Pecos League
- Classification: Independent
- Sport: Baseball
- Founded: 2010
- Founder: Andrew Dunn
- First season: 2011
- Owner: Andrew Dunn
- CEO: Andrew Dunn
- Commissioner: Andrew Dunn
- Divisions: 2
- No. of teams: 15
- Country: United States
- Headquarters: Houston, Texas
- Continent: North America
- Most recent champion: Garden City Wind (2026)
- Most titles: Roswell Invaders (4), Tucson Saguaros (4)
- Streaming partner: Vimeo
- Website: pecosleague.com

= Pecos League =

US professional baseball league

The Pecos League of Professional Baseball Clubs is an independent professional baseball league headquartered in Houston, which operates in cities in desert mountain regions throughout California, New Mexico, Arizona, Colorado, Kansas, Oklahoma, Missouri, and Texas. The league plays in cities that do not have Major League Baseball or Minor League Baseball teams and is not affiliated with either.

The Pecos League season is highly condensed. Schedules vary, but teams have played as many as 70 games in 72 days, or 80 games in three months. In recent seasons the schedule has been reduced down to about 50 games, with the regular season starting in late May and running through July. Playoff series are 3 games.

The Pecos League operates a separate pay-to-play winter league called The Western League for players who are free agents or not currently in college programs.

== History ==
The Pecos League operated six teams in the 2011 and 2012 seasons and expanded to eight teams for 2013. Continued growth saw the league reach a high of 10 teams for 2014.

The Pecos League also operates a spring developmental league, which is a one-month showcase beginning in March for recent college graduates and free agents looking to catch on to a full season league.

In May 2014, Fox Sports 1 aired a six-part documentary about life in the Pecos League, mostly based on the Trinidad Triggers.

In August 2014, Jon Edwards made his major league debut with the Texas Rangers becoming the first player in Pecos League history to play in Major League Baseball.

In September 2016, Chris Smith was called up to the Toronto Blue Jays becoming the second player from the Pecos League to make a major league roster, though he did not appear in a game that season. Smith would eventually make his debut for the Blue Jays on June 27, 2017, against the Baltimore Orioles.

For 2016, the Las Vegas Train Robbers moved to Topeka, Kansas. Expansion teams were added in Great Bend, Kansas and Tucson, Arizona.

On February 25, 2016 it was announced that the Las Cruces Vaqueros would sit out the 2016 season due to severe damage to their home stadium. Expansion team Salina Stockade was added to the league and played a limited 11-game home schedule in 2016.

Following the 2016 season, a drastic shift in the Pecos League landscape occurred as two Kansas teams, the Salina Stockade and Great Bend Boom, both folded, while a third, the Topeka Train Robbers, moved to Bakersfield, California, taking the place of the former Bakersfield Blaze, who folded following the 2016 California League season.

The Train Robbers were joined in California for 2017 by three expansion teams: the High Desert Yardbirds (replacing the California League's High Desert Mavericks), the Monterey Amberjacks, and California City Whiptails. The league also announced a travel team, the Hollywood Stars, who played a handful of home games in Los Angeles.

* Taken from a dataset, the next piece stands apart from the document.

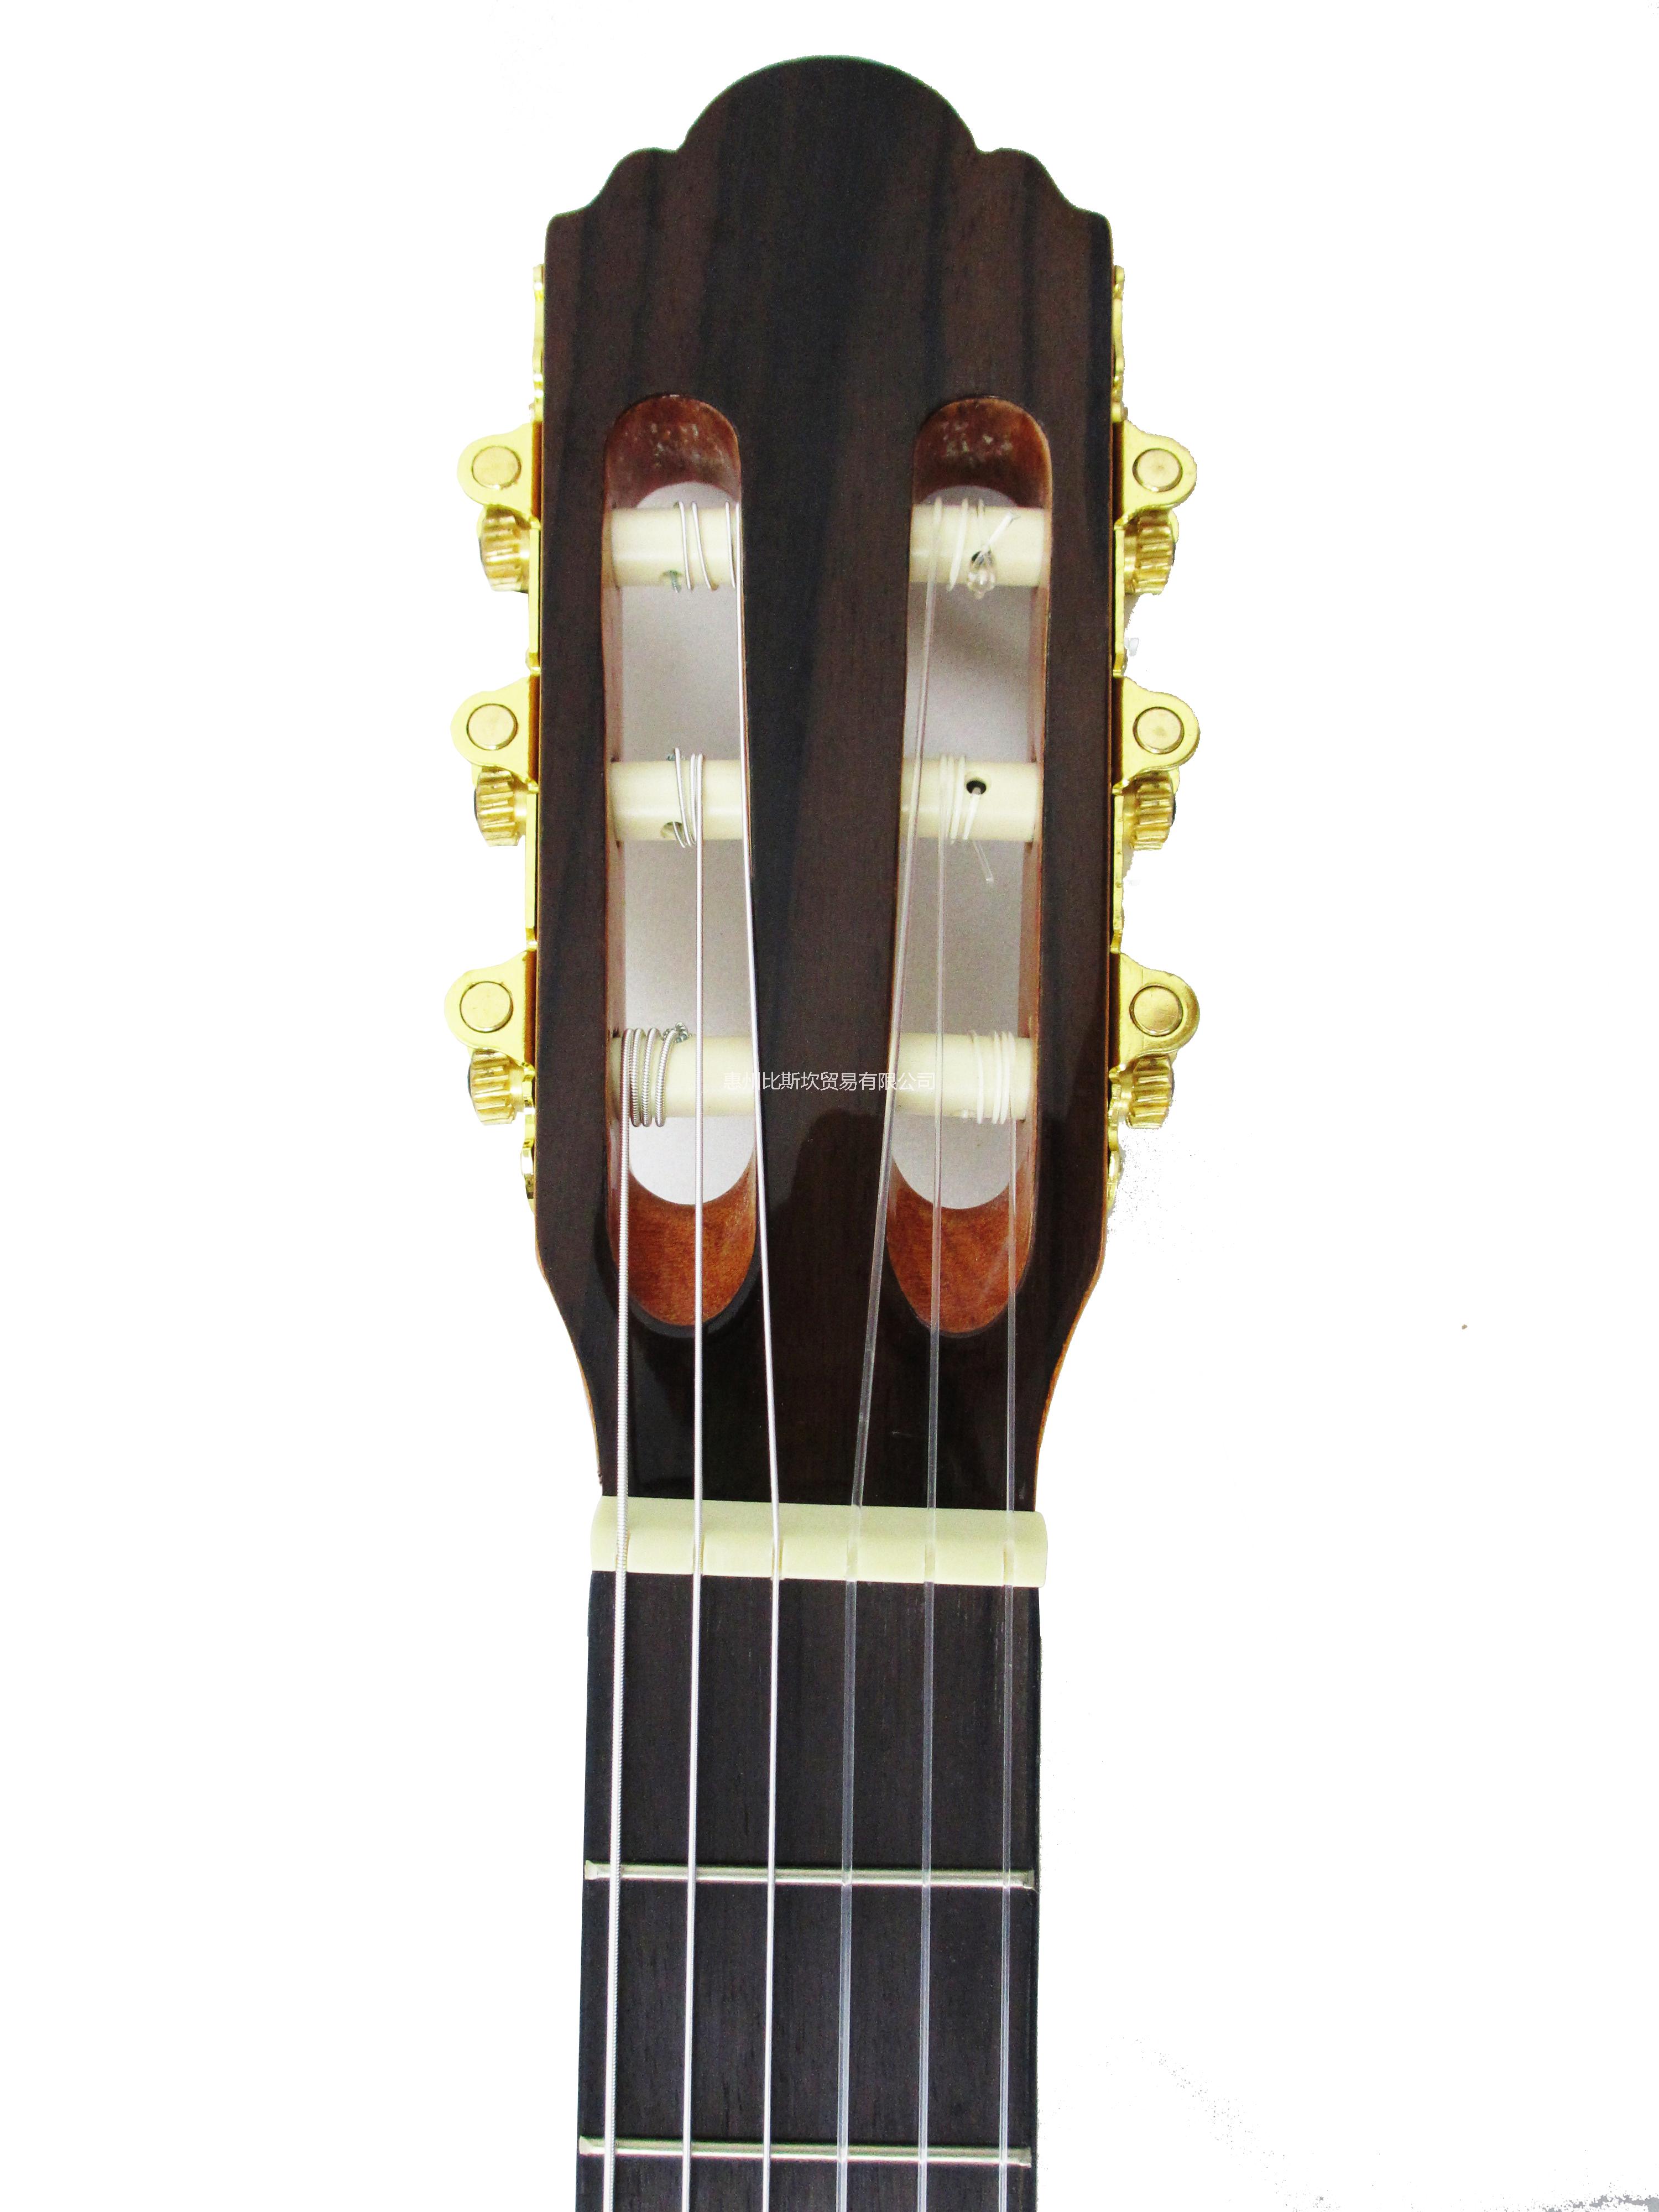 惠州市马丁尼出品36寸红杉玫瑰木古典吉他厂家供应马丁尼出品36寸红杉玫瑰木古典吉他迷你款

For 2019, the Ruidoso Osos were replaced by the Wasco Reserves, and the league reduced the number of divisions from three to two.

For 2020, the Martinez Sturgeon and Santa Cruz Seaweed were announced as expansion teams, and the San Rafael Pacifics were added from the Pacific Association. They joined the all-California Pacific Division, and replaced the California City Whiptails and High Desert Yardbirds in the circuit. The Tucson Saguaros moved to the Mountain Division, taking the place of the White Sands Pupfish. Interdivisional games would not be played to cut down on travel and other expenses. Later, due to the COVID-19 pandemic, the league announced that the Mountain Division teams would not play at their home stadiums, and that 4 of the 6 teams would play a condensed 36-game season beginning on July 1, 2020. All games were played at Coastal Baseball Park in Houston, Texas. The Pacific Division originally planned on enacting a similar format, but due to the ongoing pandemic, were unable to compete in 2020.

For the 2021 season, the Salina Stockade returned and the league announced the addition of the Colorado Springs Snow Sox as an expansion team. On April 4, the league announced its final division alignment for the season, which did not include California City and High Desert after previously indicating each would return. On August 3, the league announced the Bay Series between the San Rafael Pacifics, Monterey Amberjacks, Martinez Sturgeon, and Santa Cruz Seaweed after the Bakersfield Train Robbers tested positive for COVID-19 and had to cancel their final home series. The Pecos League operated the Houston Apollos in the American Association as a travel team.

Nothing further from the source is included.